Heat transfer tubes for shell and tube heat exchangers have usually
at least one structured area and smooth ends and possibly smooth
center lands. The smooth ends or smooth center lands confine the
structured areas. In order for the tube to be able to be installed
without any problems into the shell and tube heat exchanger, the
outside diameter of the structured areas may not be greater than
the outside diameter of the smooth ends and smooth center
lands.
[0006] To increase heat transfer during evaporation, the process of
the nucleate boiling is intensified. It is known that the formation
of bubbles starts at the nucleation sites. These nucleation sites
are mostly small gas or vapor inclusions. Such nucleation sites can
be created merely by roughening the surface. When the increasing
bubble has reached a specific size, it detaches from the surface.
When during the course of the detachment of the bubble the
nucleation site is flooded by the following flow of liquid, the gas
or vapor inclusion is possibly displaced by liquid. The nucleation
site is in this case inactivated. This can be avoided by suitably
designing the nucleation sites. It is necessary for this purpose
that the opening of the nucleation site is smaller than the cavity
therebelow, as for example in re-entrant cavities.

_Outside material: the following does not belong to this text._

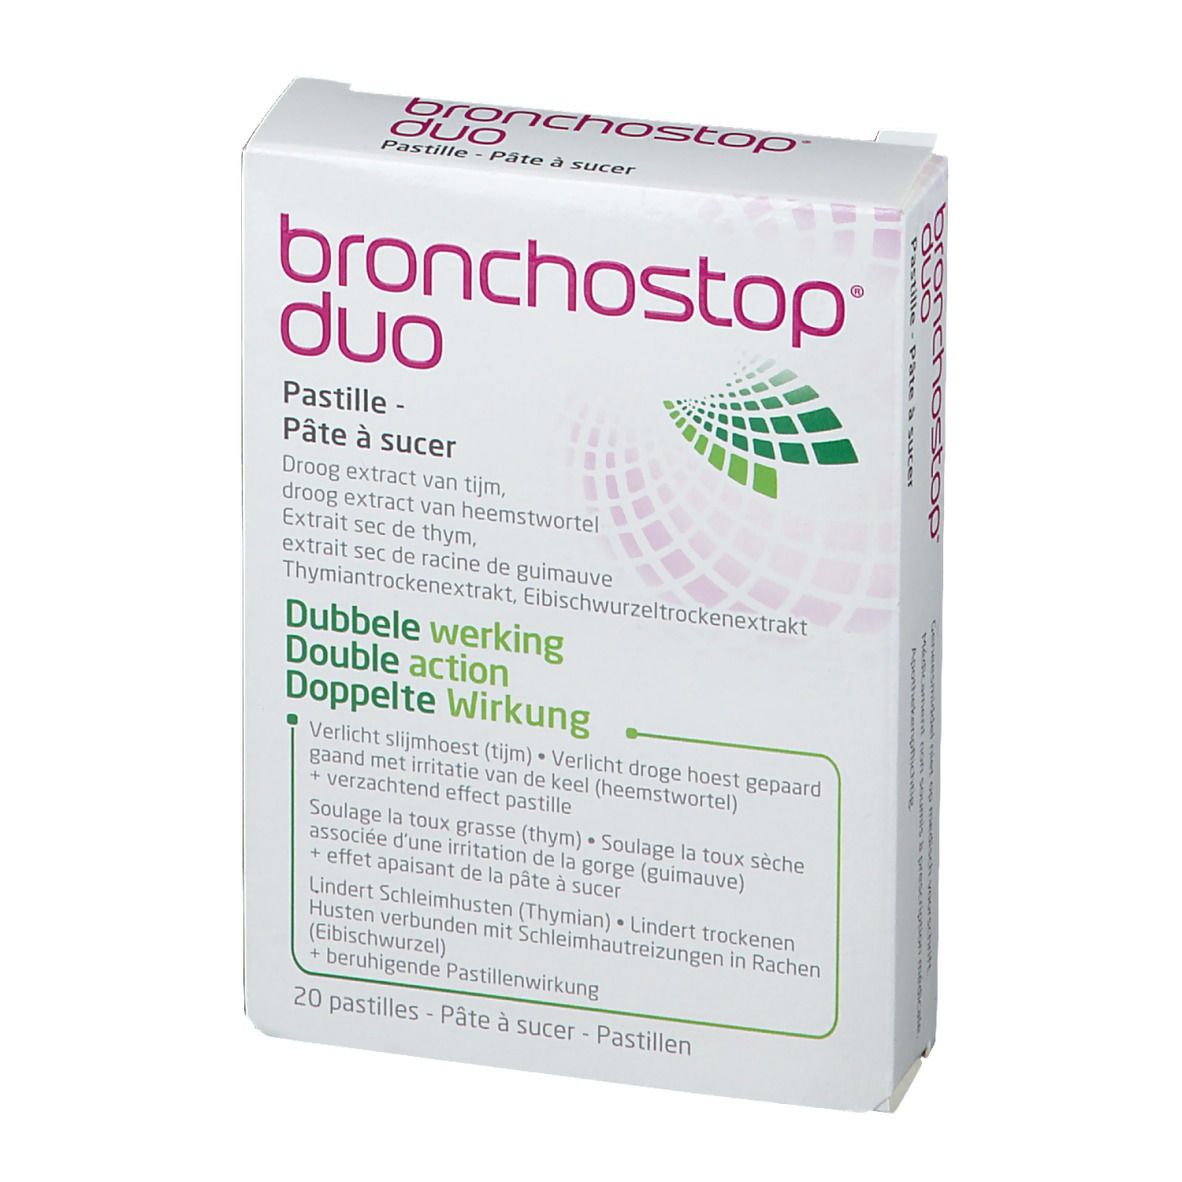 Bronchostop Duo
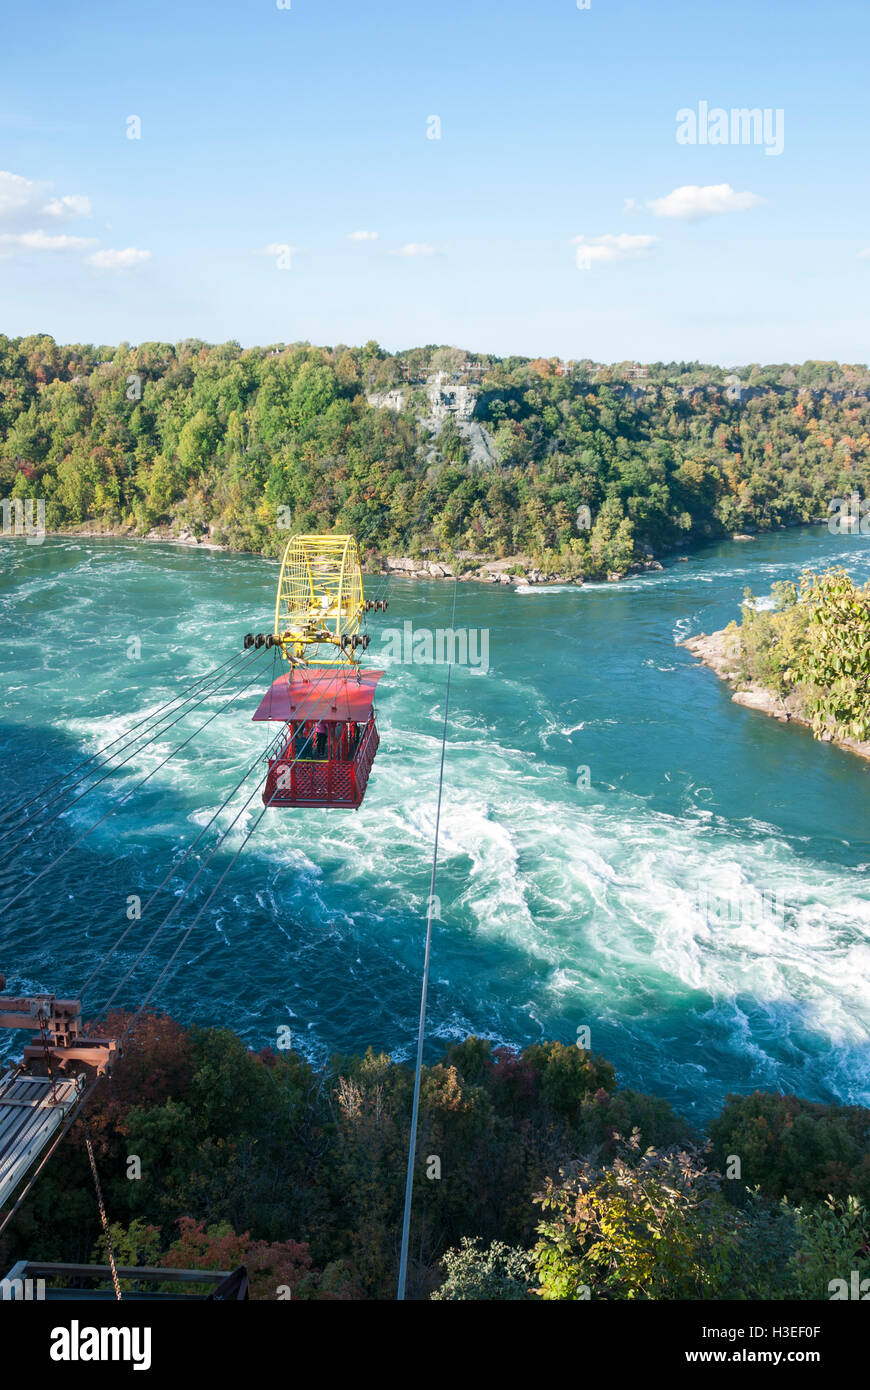 In operation since 1916, the Niagara Aero Car is seen crossing the Niagara river and whirlpool rapids in Niagara Falls Canada Stock Photo

[0007] It is state of the art to manufacture such cavities on the
basis of integrally finned tubes. Integrally finned tubes are
finned tubes in which the fins are formed out of the wall material
of a plain or smooth tube. Various methods are known whereby the
channels between adjacent fins are closed off in such a manner that
connections between channel and surrounding area remain in form of
pores or slots. Liquid and vapor can be transported through these
pores or slots. Such essentially closed channels are created in
particular by bending or folding of the fin (U.S. Pat. No.
3,696,861, U.S. Pat. No. 5,054,548), by splitting and flattening of
the fin (DE 2,758,526, U.S. Pat. No. 4,577,381), and by notching
and flattening of the fin (U.S. Pat. No. 4,660,630, EP 0 713 072,
U.S. Pat. No. 4,216,826).
[0008] The known patents have the goal to produce an as much as
possible constant channel and pore size. The U.S. Pat. No.
5,054,548 discloses depending on the substance to be evaporated
(high pressure or low pressure refrigerant) optimal pore sizes of
different sizes. This consideration assumes that the pore system is
best constructed of equally large pores.
[0009] JP OS 63-172,892 describes a method with which large and
small cavities are created that are closed off from one another.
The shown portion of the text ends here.